宋の皇帝、徽宗(きそう。位1100-25)が即位した時代のお話です。この時代は依然として新法改革を推進する新法党と、保守派旧法党の政争で荒れていました。徽宗の親政前は、摂政の計らいで新旧両法折衷策として比較的穏和に動いていました。しかし親政を始めた翌1101年からは、父神宗(しんそう。位1067-85。新法改革を断行)の遺志を受け継ぎ、政情の把握なく新法を支持してしまい、さらに重要な政局は宰相である蔡京(さいけい。新法派。1047-1126)に任せ、帝自身は道教への狂信、また画院(がいん。翰林図画院。かんりんとがいん。宮廷の絵画製作を管理)に属する宮廷画家を保護して院体画(いんたいが。院画。北画。花鳥・山水・人物画)に趣味が走り、自身も『桃鳩図(とうきゅうず。こちら。Wikipediaより)』を描くなど、"風流天子"と言われるほどに、政治よりもむしろ芸術に熱が入るようになりました。このため、宮廷では乱費が進みました。徽宗も即位時に"軽佻な君主"と言われており、細かいことを避けて何事も感覚的に動く人物であったといわれております。

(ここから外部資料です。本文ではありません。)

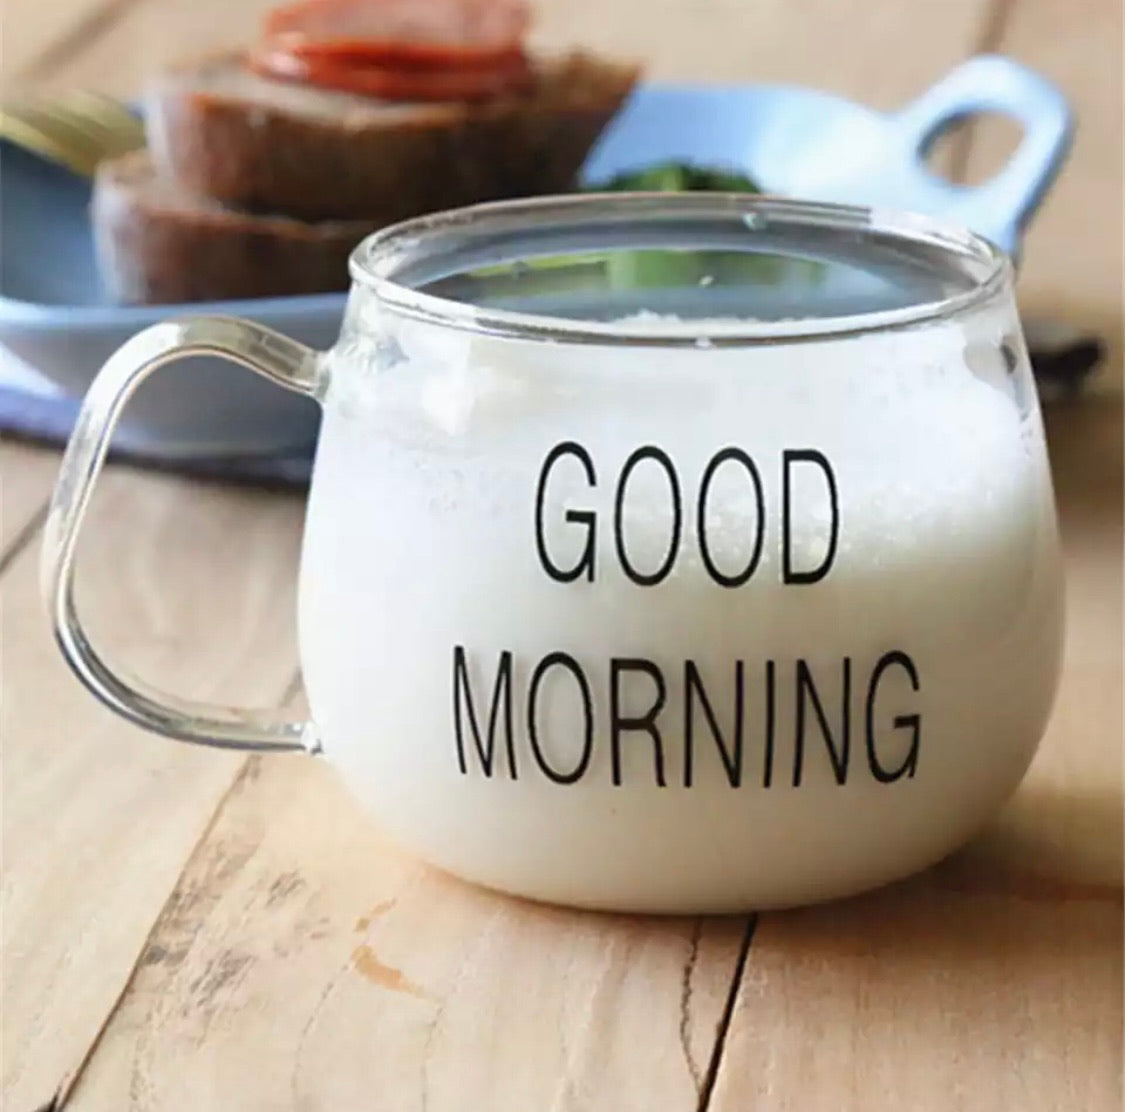 Good Morning Glass Mug

蔡京は新法導入によって国税を厳しく取り立てますが、これら歳入は、すべて宮廷の浪費と消えていきました。不足すれば、物価高騰を予測することなく交子(当時の紙幣)を乱発しました。徽宗の命により、専売強化やさらなる重税が度重なり、挙げ句の果てには、徽宗芸術の一環として宮廷庭園に飾る植樹用の珍しい木々や奇岩奇石を、特に江南地方から貢納させ(花石綱。かせきこう)、農民に強制運搬をさせるという暴挙に出たのです。このため、浙江省出身のマニ教徒の農民・方臘(ほうろう。?-1121)を中心とする農民反乱(方臘の乱。1120)が勃発し、やがて6州12県にまたぐ大反乱となっていきました。反乱は、徽宗に慕われ軍の指揮官を任された宦官・童貫(どうかん。?-1126。14世紀に作られる長編武侠小説『水滸伝(すいこでん)』では、蔡京とともに悪役として登場)によって鎮圧され、方臘も殺害されました(1121)。

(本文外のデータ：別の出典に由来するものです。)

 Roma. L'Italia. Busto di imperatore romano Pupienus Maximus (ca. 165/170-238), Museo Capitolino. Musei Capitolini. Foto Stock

契丹(きったん。北方のモンゴル系民族)の国家、遼(りょう。916-1125)が滅亡した1125年は徽宗の時代でしたが、蔡京や童貫の助言で、遼領となっていた燕雲十六州の奪還を目指すことを第一に、遼を攻めることを提案しましたが、宋の国家体制は武断主義ではなく文治主義の立場でここまで来ており、宋の軍隊である禁軍は、国勢下り坂の遼軍と比べても明らかに劣り、一国で勝つのは不可能でした。そこで、蔡京や童貫らは、これより先に遼・天祚帝(てんそてい。位1101-25)の軍を一度敗退させていた女真族(満州のツングース系民族)の国家、金(きん。1115-1234)の太祖、完顔阿骨打(ワンヤンアグダ。位1115-23)に接近して、金と遼という異民族同士で戦わせて、漁夫の利となる燕雲十六州を奪い返すことを考えるなど画策を練り、金の太祖に遣使をおくって、北から金が、南から宋がそれぞれ遼を挟撃し、成功すれば燕雲十六州を宋が、それ以外の遼全土を金がそれぞれ領有する、また遼と澶淵の盟(せんえん。"せん"はさんずいに亶。宋の、1004年から続く遼との対外和親策)で決めていた歳幣を、そっくり金王朝に贈与することを約したのです。やがて、遼の軍隊と、宋・金の連合軍が対峙することになりましたが、宋軍は方臘の乱鎮圧にかかる手間で、思うように首都や副都を攻略できず、結局金の軍隊によって遼の軍隊を殲滅させたのでした(燕山の役。1125)。どうにかして宋は念願だった燕雲十六州を奪還、そして金は広大な領土を獲得しました。しかし金は、役に立たなかった宋に対し、宋銭百万分(毎年)や食糧20万石など、開戦前の約定以上の要求を言いつけたのです。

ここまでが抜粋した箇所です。